# New concert hall



## Couac Addict (Oct 16, 2013)

The last couple of paragraphs are the ones that concern me...and everyone else over here.

http://www.nytimes.com/2014/08/29/arts/international/philharmonie-de-paris-prepares-to-open-amid-controversy.html?_r=0


----------



## GioCar (Oct 30, 2013)

It's not so easy (at least no longer) to build new concert halls having bad acoustics, but of course the key sentence is:

_But you never really know until an orchestra is there to try things out_

Mr. Toyota? Then it's going to be an acceptable and "reliable" concert hall...


----------



## hpowders (Dec 23, 2013)

I was living in NYC when Lincoln Center was being built. They employed the greatest acousticians and designers. No expense was spared. The end result was Philharmonic Hall turned out to be an acoustical disaster. Players couldn't hear each other and the consensus was the sound from the stage to the seats was awful.
Doesn't matter how many great minds are working on the project. What works on paper doesn't necessarily transfer as a successful project in practice.


----------



## Radames (Feb 27, 2013)

hpowders said:


> I was living in NYC when Lincoln Center was being built. They employed the greatest acousticians and designers. No expense was spared. The end result was Philharmonic Hall turned out to be an acoustical disaster. Players couldn't hear each other and the consensus was the sound from the stage to the seats was awful.
> Doesn't matter how many great minds are working on the project. What works on paper doesn't necessarily transfer as a successful project in practice.
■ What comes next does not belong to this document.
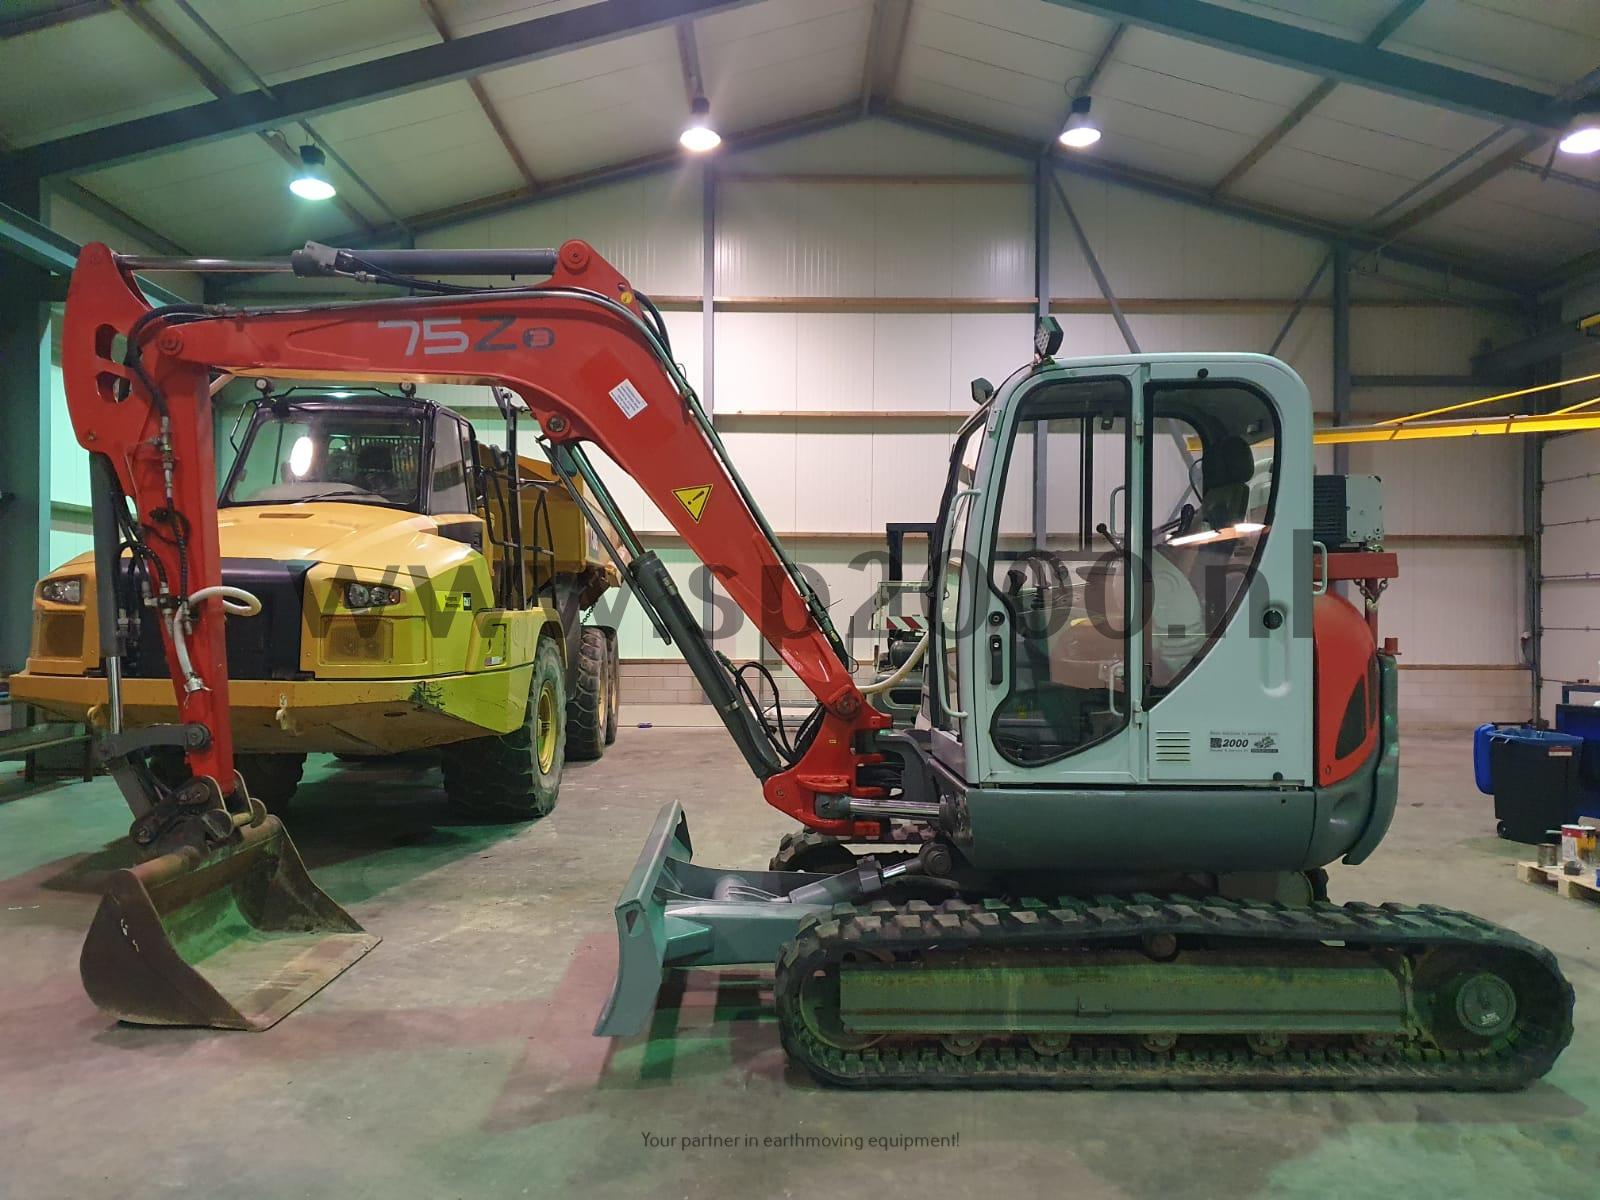 Neuson 75Z3 RD track excavator

With 3D printing technology it should be easy to just scan in Boston's Symphony Hall and print it out. Shouldn't it?


----------



## Couac Addict (Oct 16, 2013)

Well, we don't want another Opera Bastille. 6 years to build. 20 years to fix.

This part sounds awesome and frightening in equal measures. That's a lot of variables.
_The new hall will also feature modular seating that can be reconfigured in function of the artists or the works being presented. For example, if a concert features a singer, the stage can be positioned so that it is adjacent to a wall, thereby eliminating seats that would give a view of the singer's back._


----------



## PetrB (Feb 28, 2012)

No matter the math, the acoustic science, all the applied design, materials chosen, the engineering of it all, and it seems with no more surety then when all that did not exist, everyone involved in the making of a hall, the performers, and the audience, all still have good cause to worry until it is finished and then tested out.

Until that moment, I'm sure everyone is proverbially holding their collective breath, and praying to Apollo and Erato, etc. for a good outcome. 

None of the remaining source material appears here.